AI-powered match predictions, accuracy tracking, and bookmaker consensus comparisons.

Total Predictions
9
0 upcoming · 9 settled
Result Accuracy
67%
6 / 9 correct
BTTS Hit Rate
56%
5 / 9 calls
Over 2.5 Hit Rate
56%
5 / 9 calls

📊 Past Predictions (latest 9)

Sun 17 May 2026
1–2
1–2

AC Milan's 2-1 victory at Genoa followed a script our model had written before kickoff. Christoph Nkunku opened the scoring from the penalty spot in the 50th minute, then Yunus Athekame doubled the lead in the 81st with Pulisic providing the assist. Genoa pulled one back through Johan Vasquez in the 86th, but it proved only a consolation as Milan held firm to secure three points in their push for the top four.
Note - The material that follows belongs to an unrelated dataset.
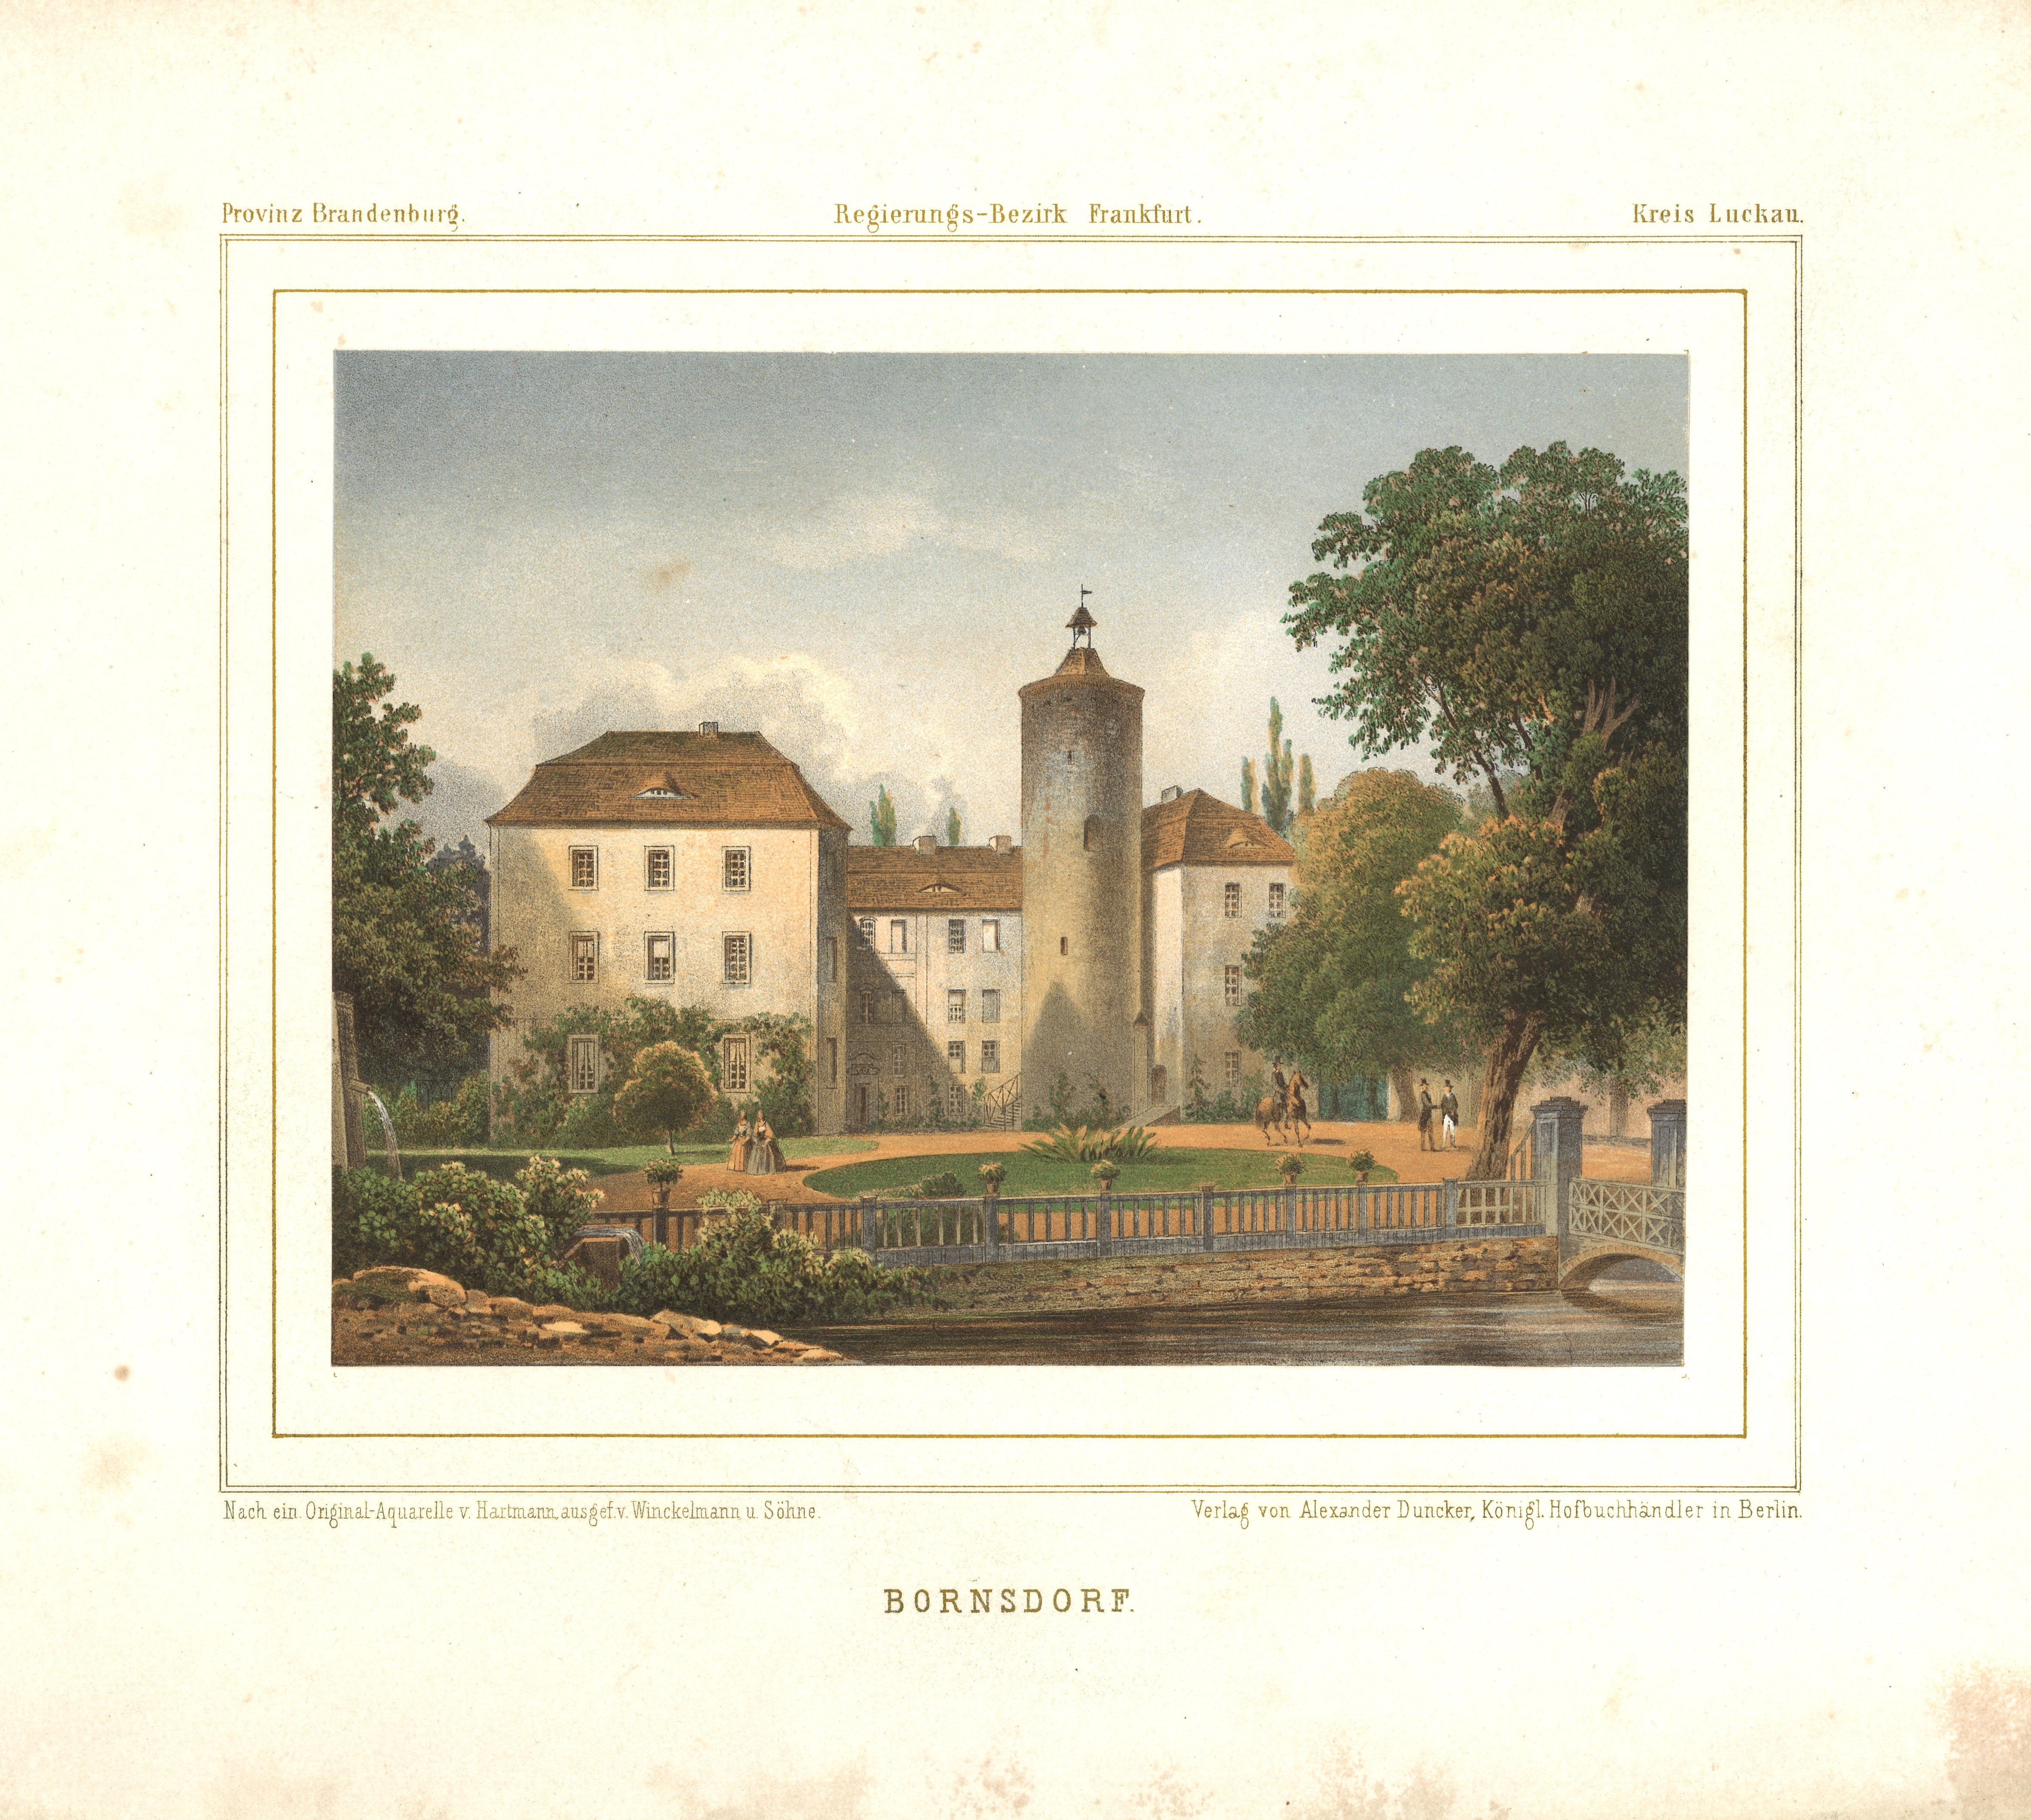 Bornsdorf (Kr. Luckau): Schloss (Landesgeschichtliche Vereinigung für die Mark Brandenburg e.V., Archiv CC BY)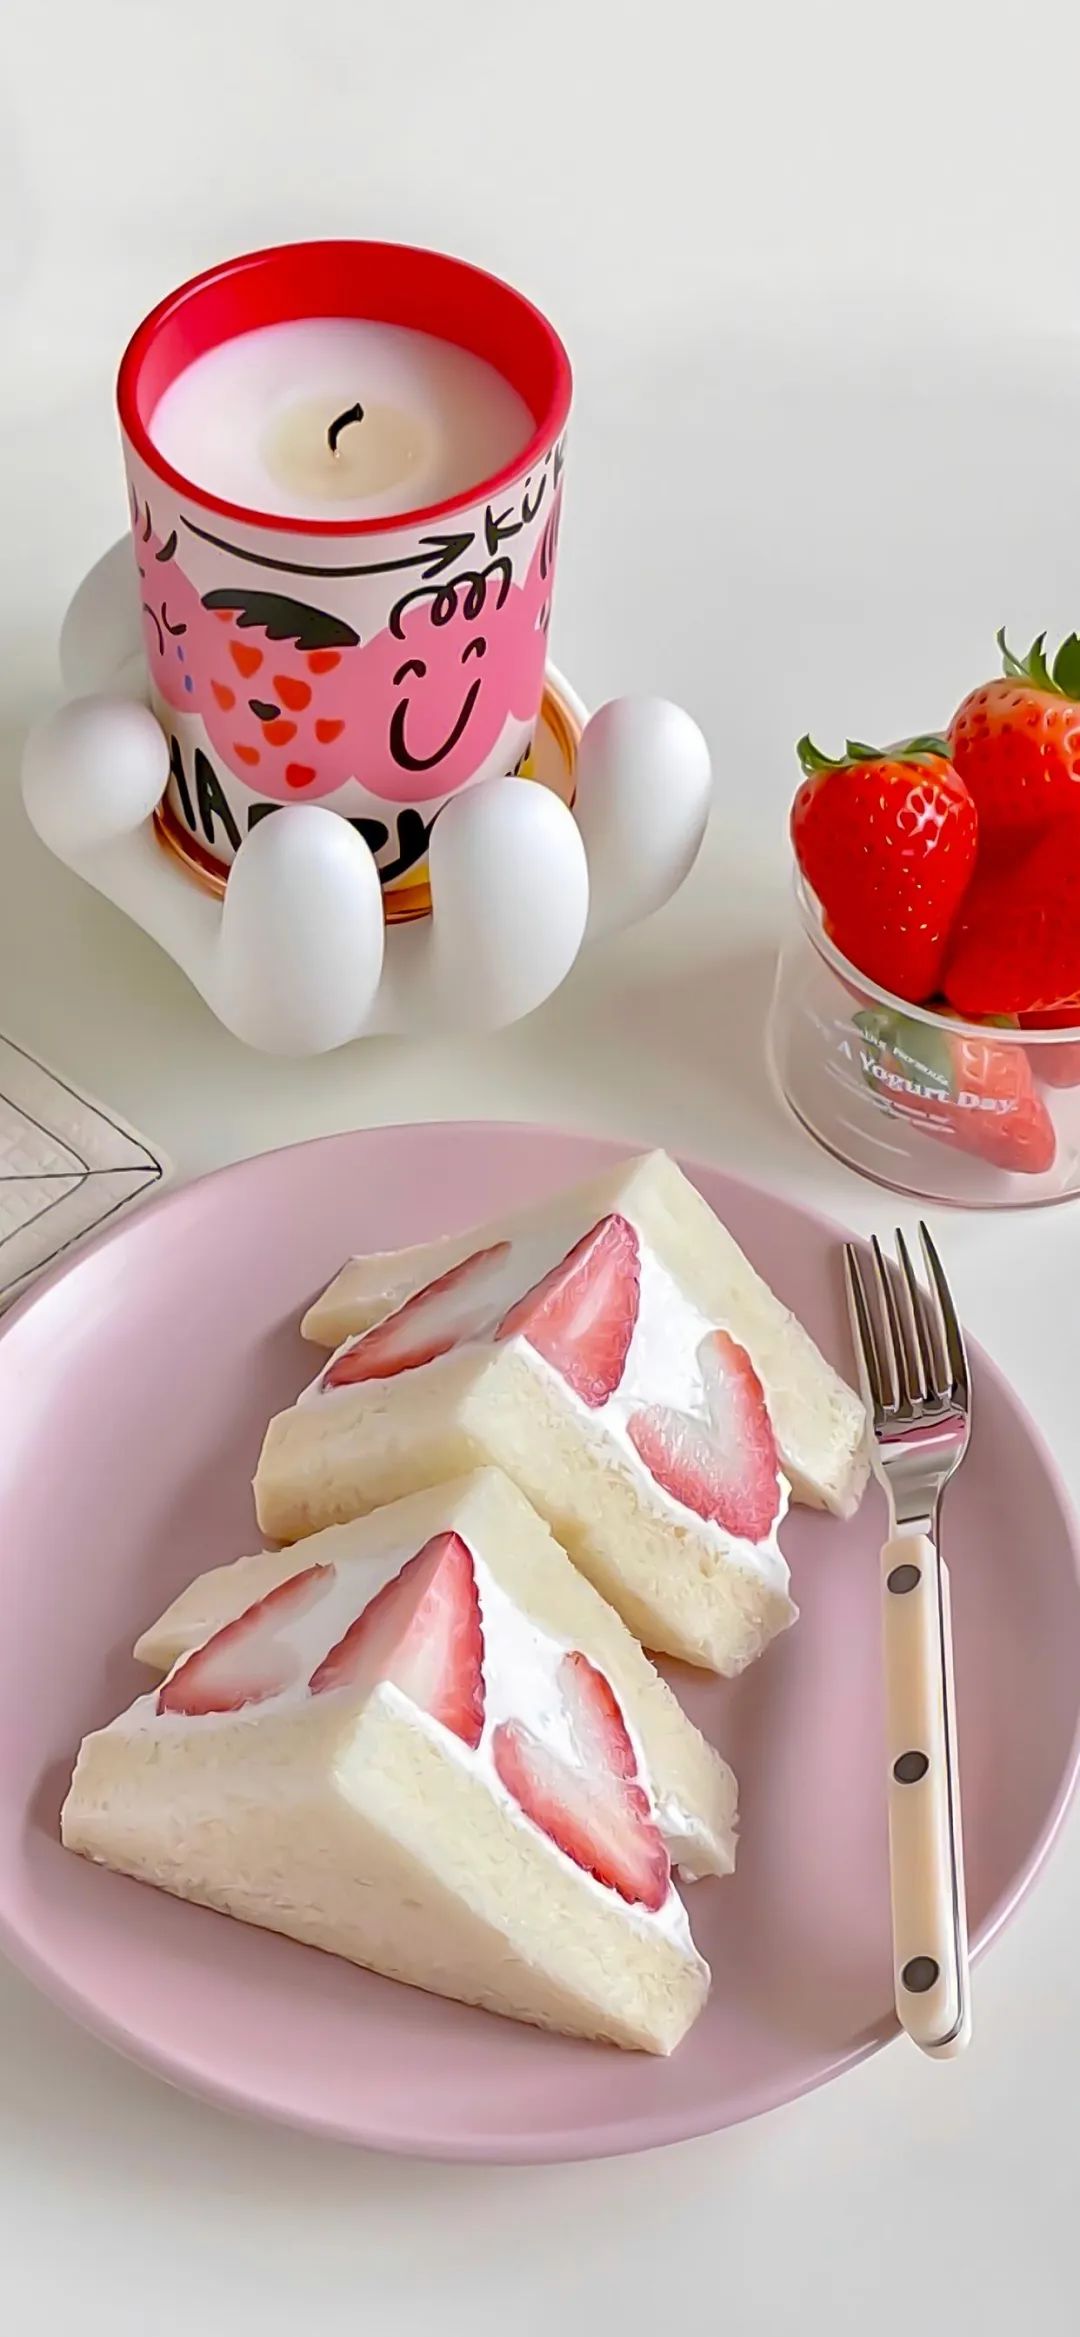 【美食图片真实照片】草莓甜品壁纸图片

Our prediction of a 1-2 result nailed both the outcome and the exact scoreline. The match unfolded along the lines we'd anticipated, with the motivation gap between the two sides proving decisive. Genoa, locked into 14th place with nothing to play for, showed the lethargy typical of a team with their season effectively over. Milan, by contrast, carried the urgency of a club chasing Champions League qualification, and that difference in intensity manifested across the 90 minutes. The statistical foundations we'd highlighted before the match held firm: Genoa's recent home form of 0.7 goals per game and Milan's solid away record of 0.92 goals combined to suggest exactly this kind of scoreline, where the visitors would dominate without quite reaching the emphatic margins some other models had suggested. The historical H2H data—Milan's complete dominance with five wins and three draws against Genoa over their last eight meetings—provided additional context for what proved a relatively comfortable away performance.

Sun 10 May 2026
2–1
0–0

Fiorentina and Genoa played out a goalless draw in Florence, a result that stood in stark contrast to our pre-match prediction of a 2-1 home victory. The Viola controlled much of the possession as anticipated, but neither side found the back of the net across the 90 minutes. Where we expected Fiorentina's attacking quality and home advantage to break through against visiting pragmatism, the match instead unfolded as a cautious affair that neither team could decisive advantage from.

Our model predicted a narrow Fiorentina win, reflecting the historical pattern of established home sides edging mid-table visitors in late-season Serie A fixtures. That framework proved sound in concept—Fiorentina did dominate territory and create the more dangerous moments—yet the execution didn't materialize into goals. Genoa's defensive setup proved more resilient than the underlying matchup data suggested, and the Viola's finishing lacked the clinical edge required to convert their chances. The 0-0 scoreline suggests a match where quality was present but the final pass, shot, or positioning decision fell just short on both sides.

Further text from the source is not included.